I am the president of the bipartisan Committee for a Responsible Federal Budget and the director of the Fiscal Policy Program at the New America Foundation. I also am part of the Peterson-Pew Commission on Budget Reform and a member of the Domenici-Rivlin Debt Reduction Task Force.  Today, I will discuss a number of the outside initiatives that are underway to try to help change our nation’s fiscal future.
I know that all the members of this commission have been working incredibly hard scouring all areas of the budget for potential reforms to improve our fiscal future, and I thank you for all the effort that you are putting into this task.
If we don’t make changes to our debt trajectory, we will pay a heavy price through a weaker economy, a lower standard of living, less growth potential, a less flexible budget, and a loss of leadership in the world.
Just yesterday, the Congressional Budget Office released a report on federal debt and the risk of financial crisis. The document not only warns that debt levels are already quite high compared to historical levels, but that the debt is set to grow faster than the economy—forever. Future debt growth will be driven by higher government spending caused by the aging of the populating, escalating healthcare costs, and the biggest waste in the budget – spiraling interest payments (my words, not the ever-diplomatic CBO’s), and revenues that, even though they will be higher than historical averages, will not be high enough to pay for all the spending.  
The CBO report focuses on the growing risk of a fiscal crisis if we do not change course. A crisis could take the form of a gradual rise in interest rates.
Or as we have seen in other nations, it could be startlingly abrupt, as investor concern suddenly grows over the risk of default or attempts to inflate our way out of our fiscal problems.  No one knows at what point we would hit the tipping point. The Committee for a Responsible Federal Budget recently held an entire conference with some of the world's top financial and economic experts on the topic of what would cause a fiscal crisis and what exactly it would look like. There was nothing close to a consensus about what would kick off a crisis—only that we may well be dangerously close to finding out and that we’d rather not.

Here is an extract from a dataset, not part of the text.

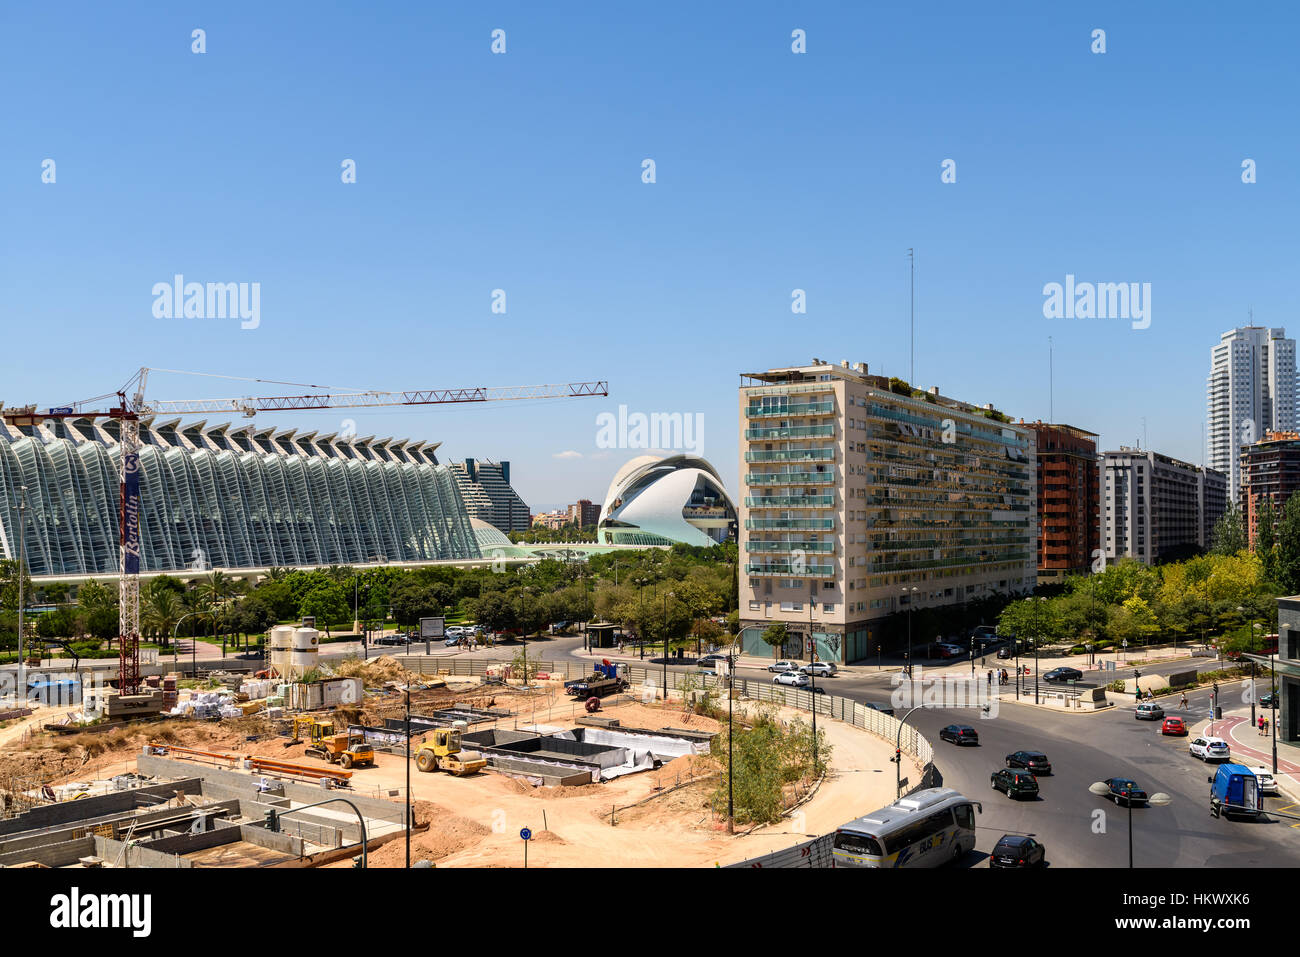 VALENCIA, Spagna - 25 luglio 2016: vista del centro della città di Valencia edifici con Calatrava Città delle Arti e delle scienze in vista. Foto Stock

Fears like these –which would have seemed so exaggerated in the past—now are disturbingly relevant.
Other than how much we should not want to find out what a fiscal crisis would look and feel like, there are a few main points I want to make today:
  • We need fiscal goals for both the medium and long term
  • We have to be cognizant of the sluggish economy as we proceed
  • We should focus on policies that will help grow the economy
  • Along with important work of the Fiscal Commission, there are many outside the group trying to develop ideas that will help lay the groundwork for, and dovetail with, whatever the commission comes up with.
I’ll focus on the Peterson-Pew Commission on Budget Reform, the National Research Council and National Academy of Public Administration’s “Choosing the Nation’s Fiscal Future,” and the still in-progress Domenici-Rivlin Debt Reduction Task Force.

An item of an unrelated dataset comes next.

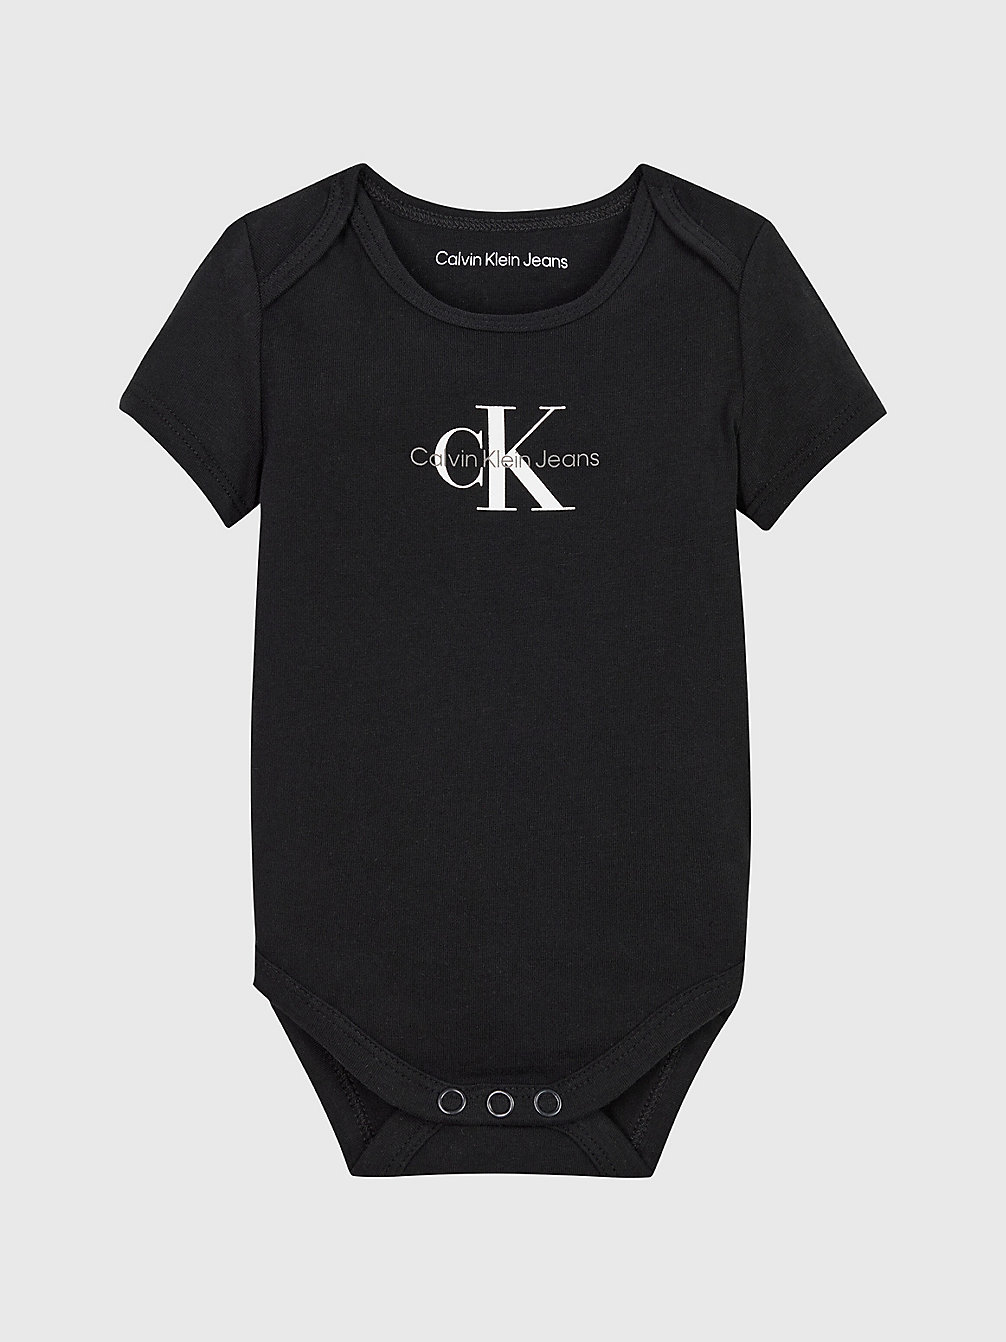 CK BLACK > Newborn-Bodysuit Met Logo > undefined newborn - Calvin Klein

By way of background, The Peterson-Pew Commission on Budget Reform is sponsored by the Peter G. Peterson Foundation and the Pew Charitable Trusts and its Members are those of the Committee for a Responsible Federal Budget—all the former directors of CBO and many of the formers heads of OMB, the budget committees and the Fed.
Last December the Commission released a six-step plan to stabilize the debt including: 
Step 1: Commit immediately to stabilize the debt
Step 2: Develop a specific and credible debt stabilization package as quickly as possible
Step 3: Begin to phase in policy changes gradually in 2012;
Step 4: Review progress annually and implement an enforcement regime to stay on track;
Step 5: Stabilize the debt by 2018; and
Step 6: Continue to reduce the debt as a share of the economy over the longer-term.
The National Academy of Sciences/National Academy of Public Administration study was funded by the Macarthur Foundation. The co-chairs were John Palmer of Syracuse University and Rudy Penner, former CBO director, now with the Urban Institute. It was tasked with showing different comprehensive policy packages, reflecting different values, all of which would return the U.S. to a sustainable path.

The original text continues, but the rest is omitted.